Instructions to follow:
In this exercise, print only the lines of the records below from the one with "Pan fresco y" through the one with "云南紫钻装饰工程有限公司", inclusive. Pictures are not part of the copy.

The records:
━━━━━━

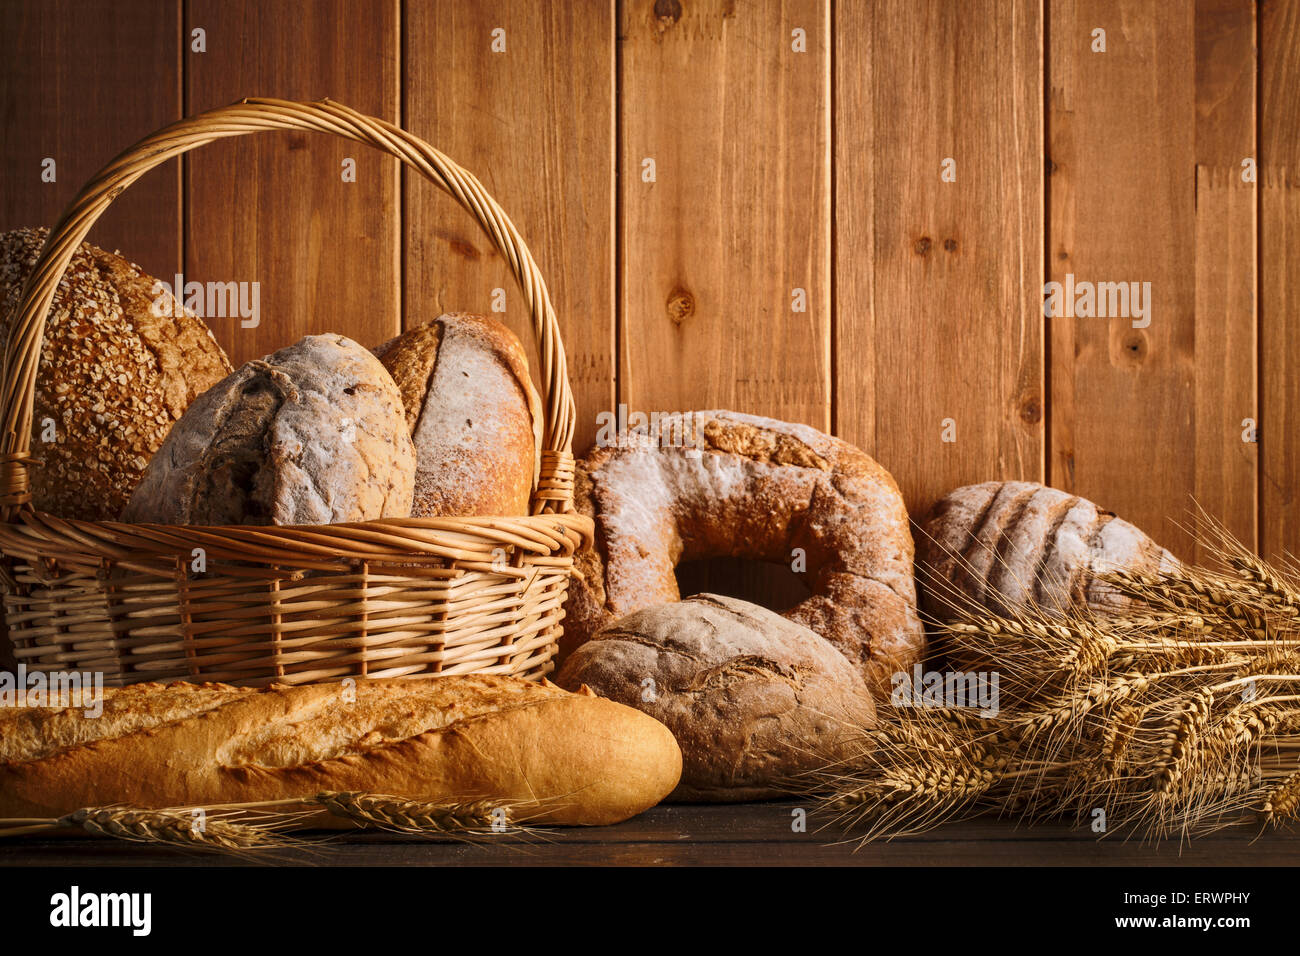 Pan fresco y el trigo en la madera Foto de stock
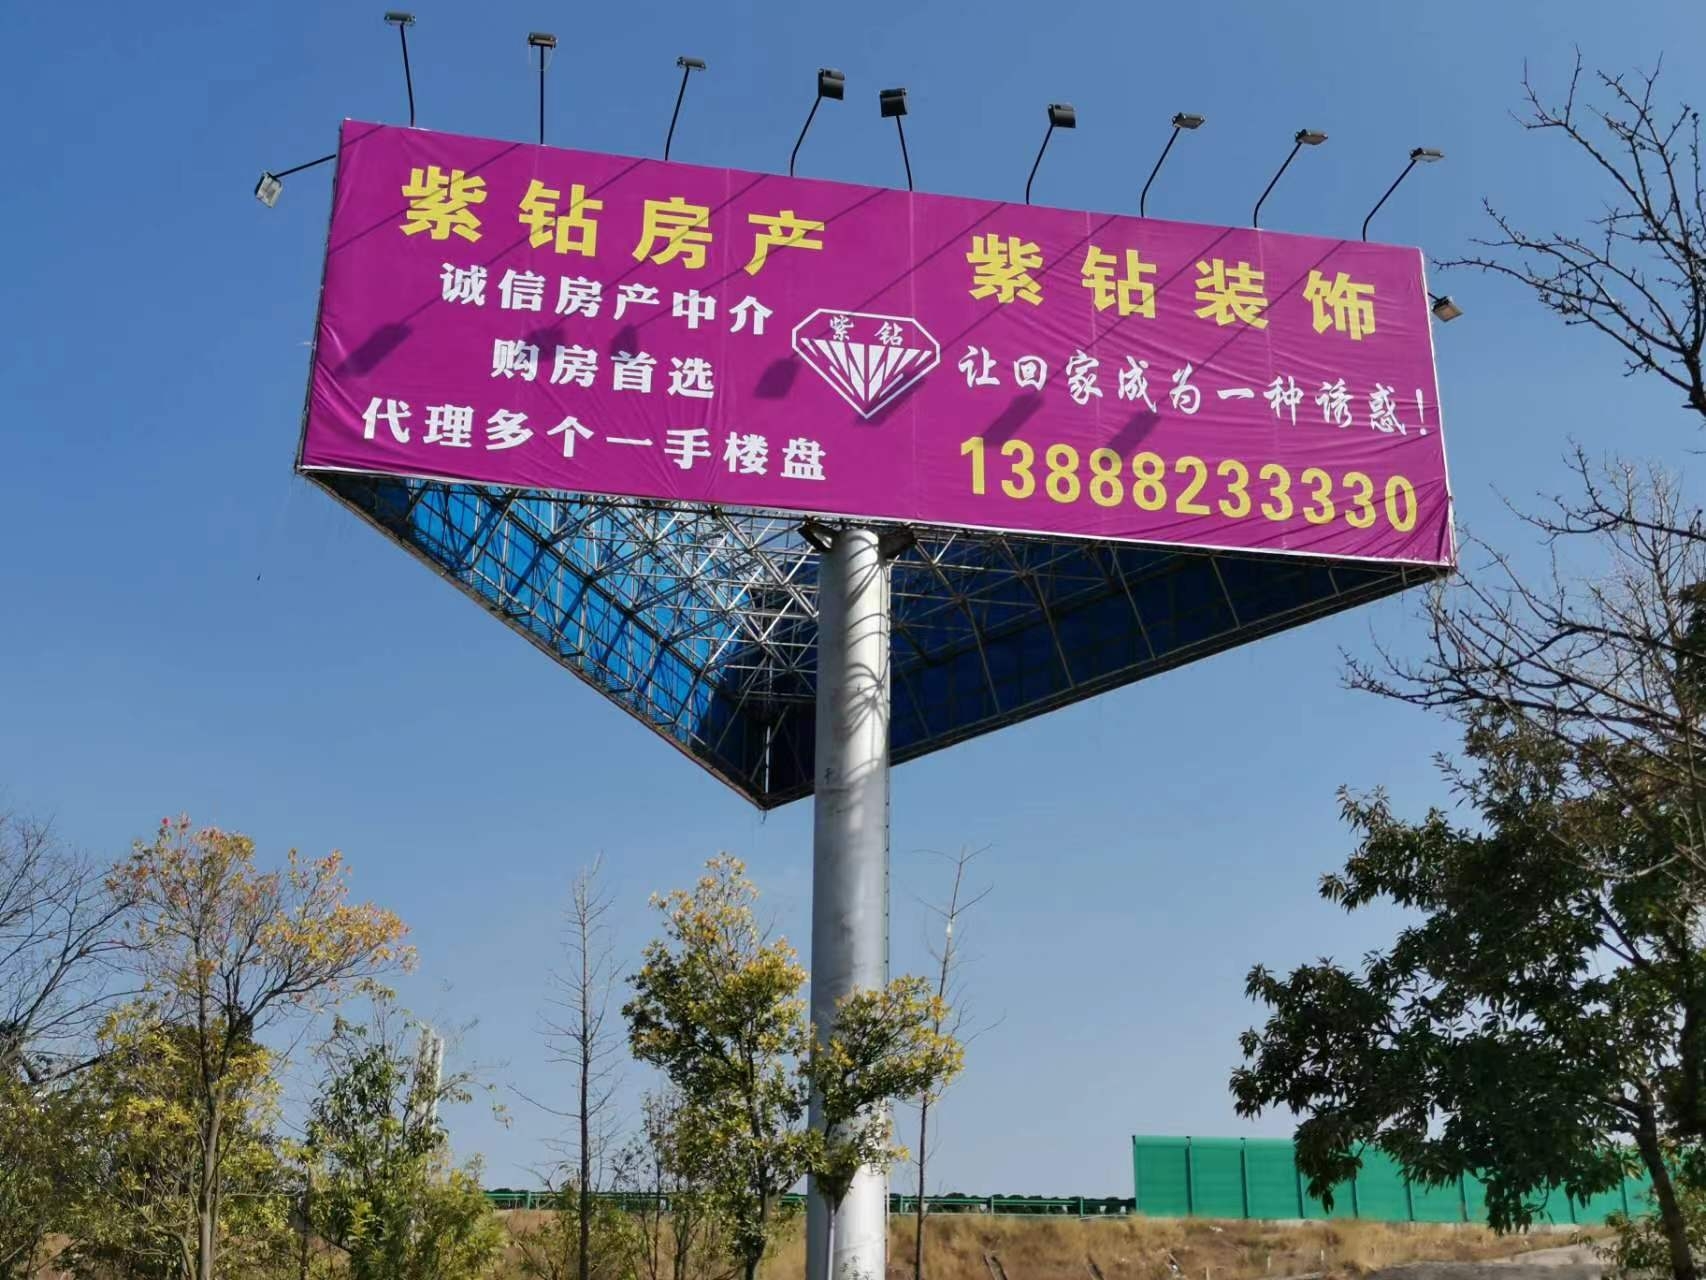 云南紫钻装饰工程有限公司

━━━━━━

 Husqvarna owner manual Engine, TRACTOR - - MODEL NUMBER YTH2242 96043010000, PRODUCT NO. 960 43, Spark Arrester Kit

━━━━━━

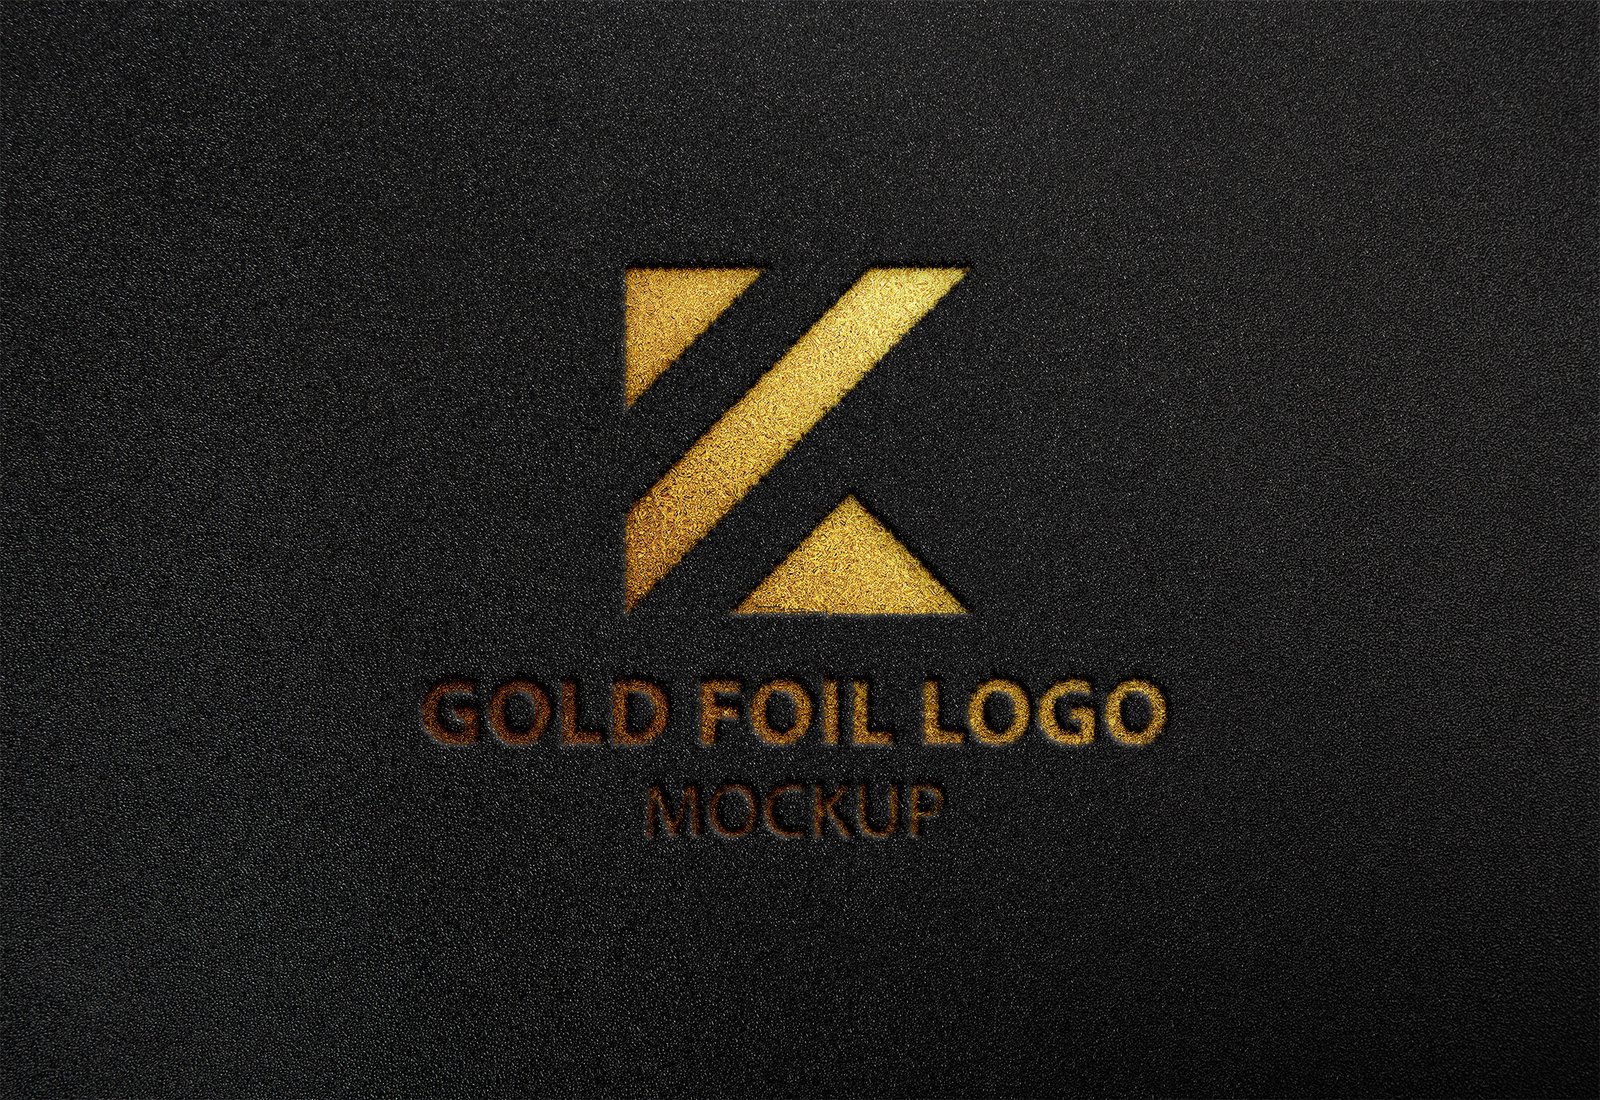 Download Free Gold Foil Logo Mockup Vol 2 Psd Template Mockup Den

━━━━━━

Response:
 Pan fresco y el trigo en la madera Foto de stock
 云南紫钻装饰工程有限公司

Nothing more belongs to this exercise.